Failed Jobs

When jobs fail permanently (exceed max_tries), they're moved to the failed jobs storage for inspection and potential retry. This guide explains how to handle failed jobs.

What Makes a Job Fail?

A job fails permanently when:

Exceeds max_tries - Retried the maximum number of times
Unrecoverable error - Exception that can't be resolved by retrying
Timeout - Job exceeds its timeout limit repeatedly

Where Failed Jobs Are Stored

Database Storage (Recommended)

Failed jobs are stored in the queue_failed_jobs table:

CREATE TABLE queue_failed_jobs (
    id INT AUTO_INCREMENT PRIMARY KEY,
    connection VARCHAR(255) NOT NULL,
    queue VARCHAR(255) NOT NULL,
    payload TEXT NOT NULL,
    exception TEXT NOT NULL,
    failed_at DATETIME NOT NULL,
    INDEX(queue)
);

Redis Storage (Fallback)

If MySQL is disabled, failed jobs are stored in Redis:

routemq:queue:failed:{queue_name}

Viewing Failed Jobs

Using MySQL

-- View all failed jobs
SELECT * FROM queue_failed_jobs
ORDER BY failed_at DESC;

-- Failed jobs by queue
SELECT queue, COUNT(*) as count
FROM queue_failed_jobs
GROUP BY queue;

-- Recent failures
SELECT * FROM queue_failed_jobs
WHERE failed_at >= DATE_SUB(NOW(), INTERVAL 1 HOUR)
ORDER BY failed_at DESC;

-- View specific failure
SELECT id, queue, exception, failed_at
FROM queue_failed_jobs
WHERE id = 123;

-- View full payload
SELECT payload FROM queue_failed_jobs WHERE id = 123;

Using Redis CLI

# Connect to Redis
redis-cli

# Check failed job count
LLEN routemq:queue:failed:default

# View failed jobs
LRANGE routemq:queue:failed:default 0 9

# View specific job
LINDEX routemq:queue:failed:default 0

The failed() Method

Override the failed() method in your job to handle permanent failures:

from core.job import Job
import logging

logger = logging.getLogger("MyJob")


class MyJob(Job):
    async def handle(self):
        # Job logic
        pass

    async def failed(self, exception: Exception):
        """
        Called when job fails permanently.

        Args:
            exception: The exception that caused the final failure
        """
        logger.error(f"Job failed permanently: {exception}")
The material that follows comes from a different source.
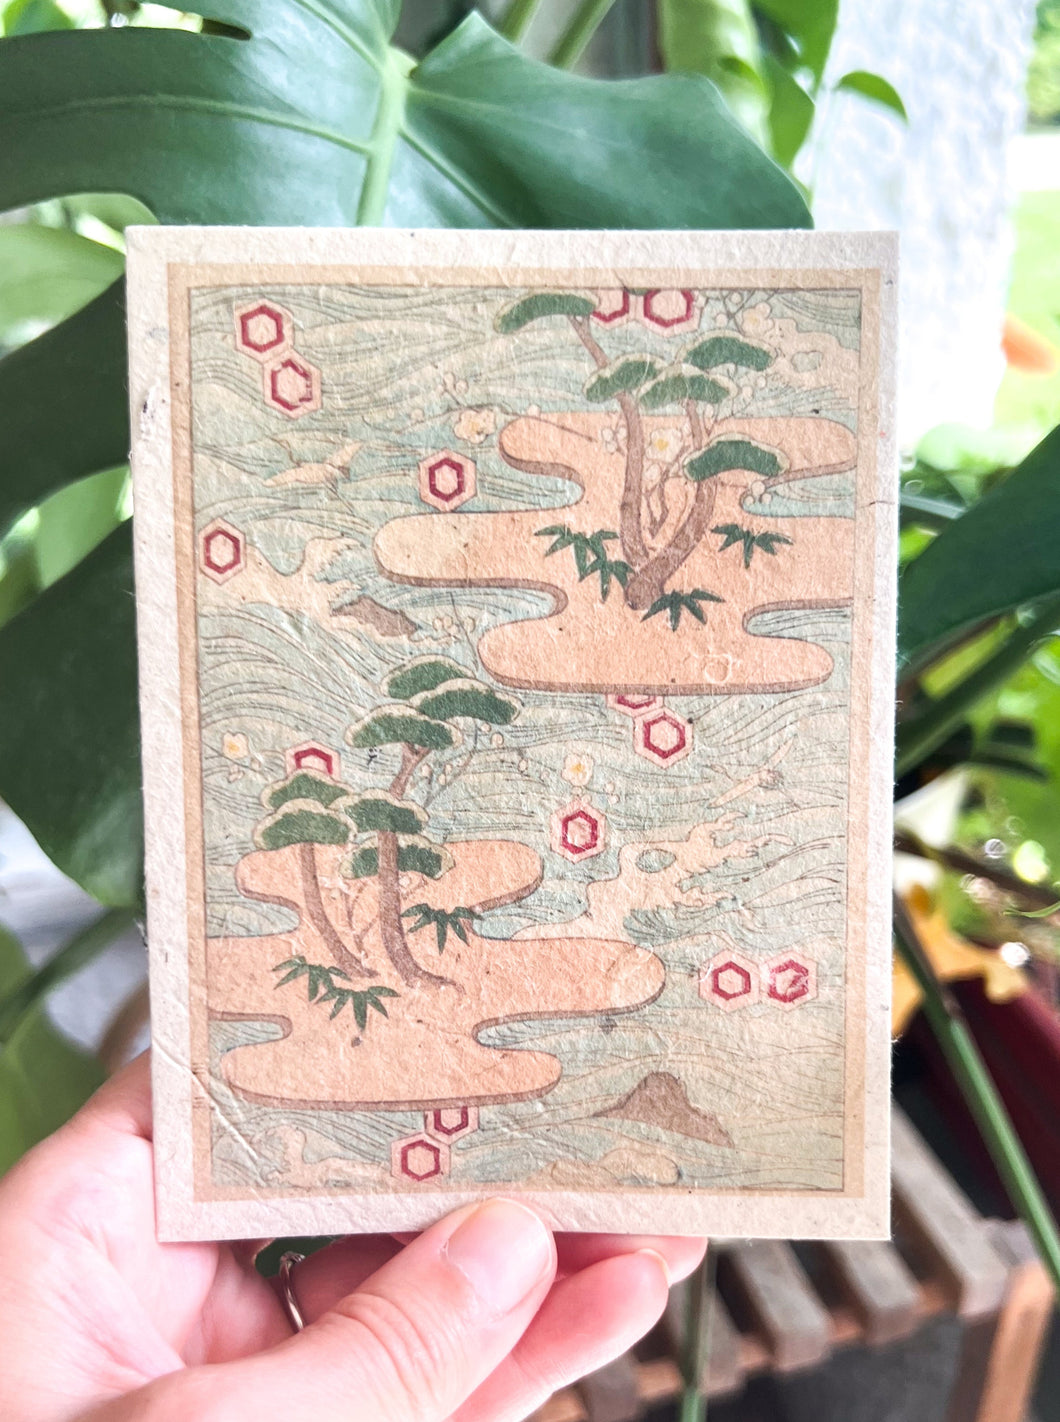 Japanese Plantable Seed Card || Zero Waste || Supports Women || Eco-friendly || J52

        # Send alert to admin
        await send_admin_alert(
            f"Job {self.__class__.__name__} failed",
            str(exception)
        )

        # Log to monitoring service
        await log_to_sentry(exception)

        # Clean up resources
        await cleanup_resources(self.resource_id)

        # Update database status
        await mark_as_failed(self.task_id)
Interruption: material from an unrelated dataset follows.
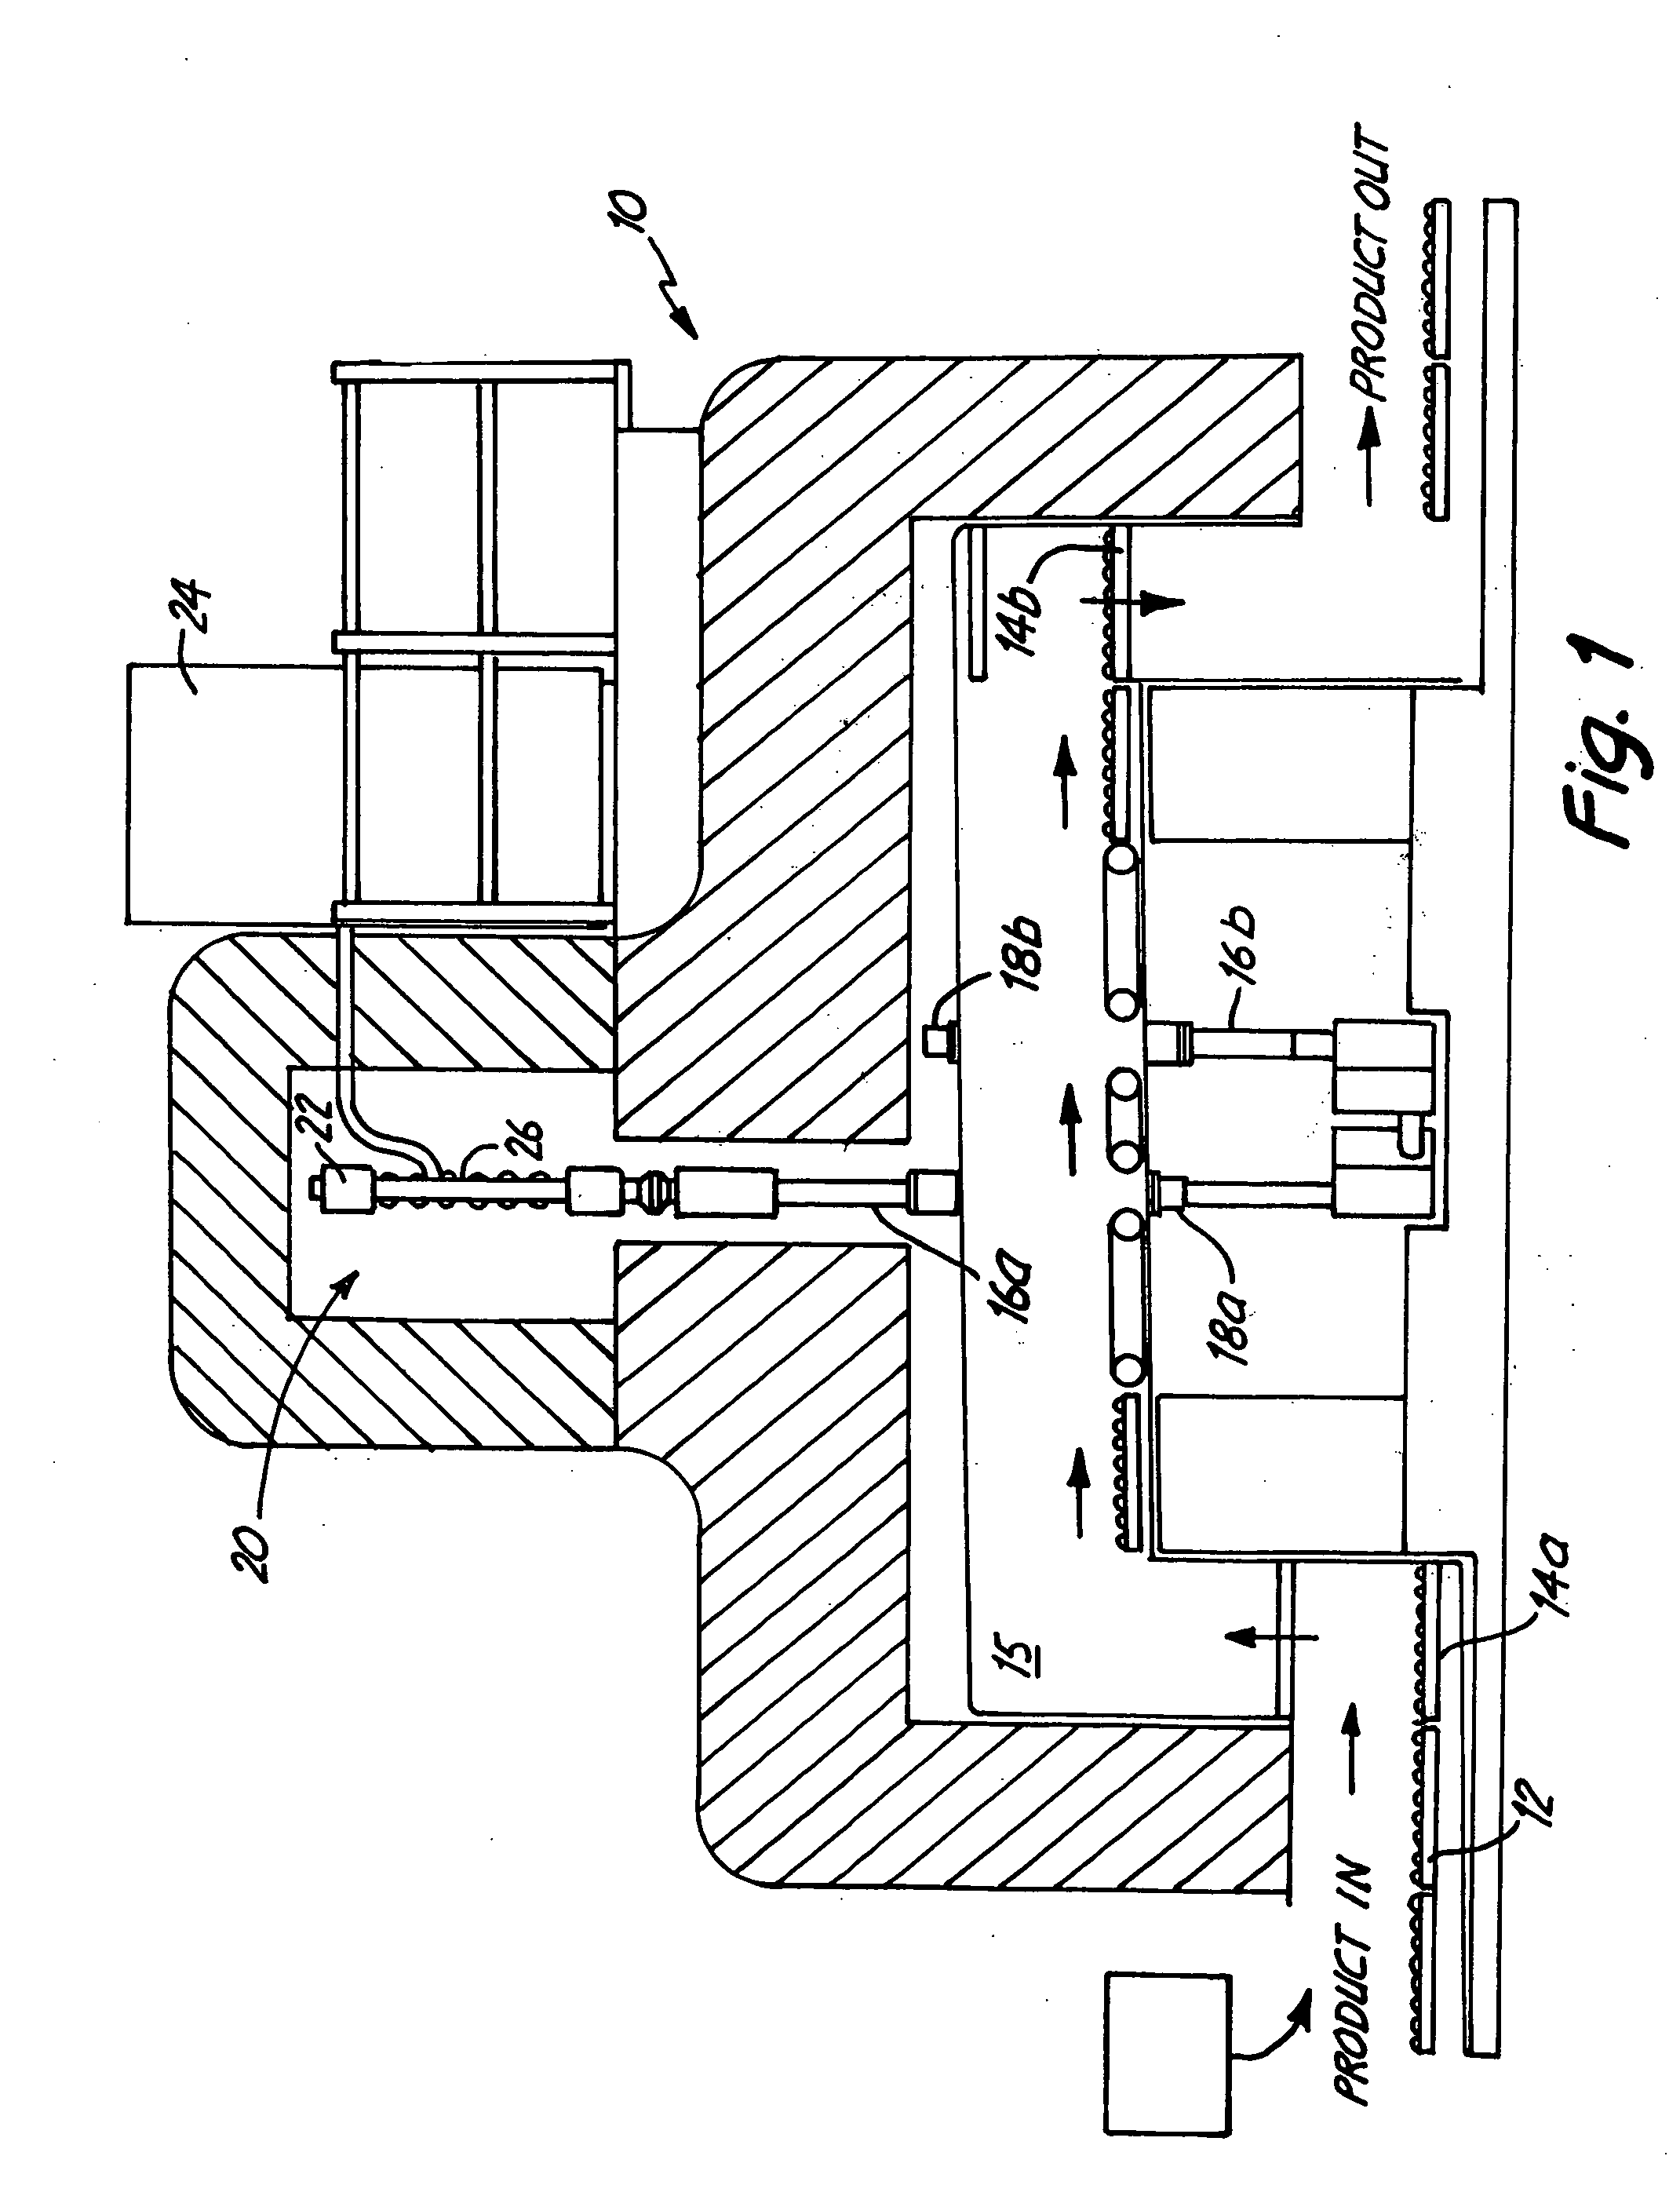 Irradiation system and method

Common Failed Job Scenarios

Scenario 1: External API Failure

class CallExternalAPIJob(Job):
    max_tries = 5
    retry_after = 60  # Wait 1 minute between retries

    async def handle(self):
        response = await call_external_api(self.endpoint, self.data)
        if not response.success:
            raise Exception("API call failed")

    async def failed(self, exception: Exception):
        # API still failing after 5 tries
        logger.error(f"API {self.endpoint} unreachable: {exception}")

        # Store for manual retry later
        await store_for_manual_processing(self.endpoint, self.data)

        # Notify operations team
        await send_slack_message("#ops", f"API {self.endpoint} is down")

Scenario 2: Invalid Data

class ProcessDataJob(Job):
    max_tries = 1  # Don't retry invalid data

    async def handle(self):
        if not self.validate_data():
            raise ValueError("Invalid data format")

        await process_data(self.data)

    async def failed(self, exception: Exception):
        # Log invalid data for investigation
        logger.error(f"Invalid data: {self.data}")

        # Store in error log
        await save_error_log({
            "data": self.data,
            "error": str(exception),
            "timestamp": datetime.now()
        })

Scenario 3: Resource Unavailable

class GenerateReportJob(Job):
    max_tries = 3
    retry_after = 300  # Wait 5 minutes

    async def handle(self):
        # Check if data is ready
        if not await data_ready(self.report_id):
            raise Exception("Data not ready")

        await generate_report(self.report_id)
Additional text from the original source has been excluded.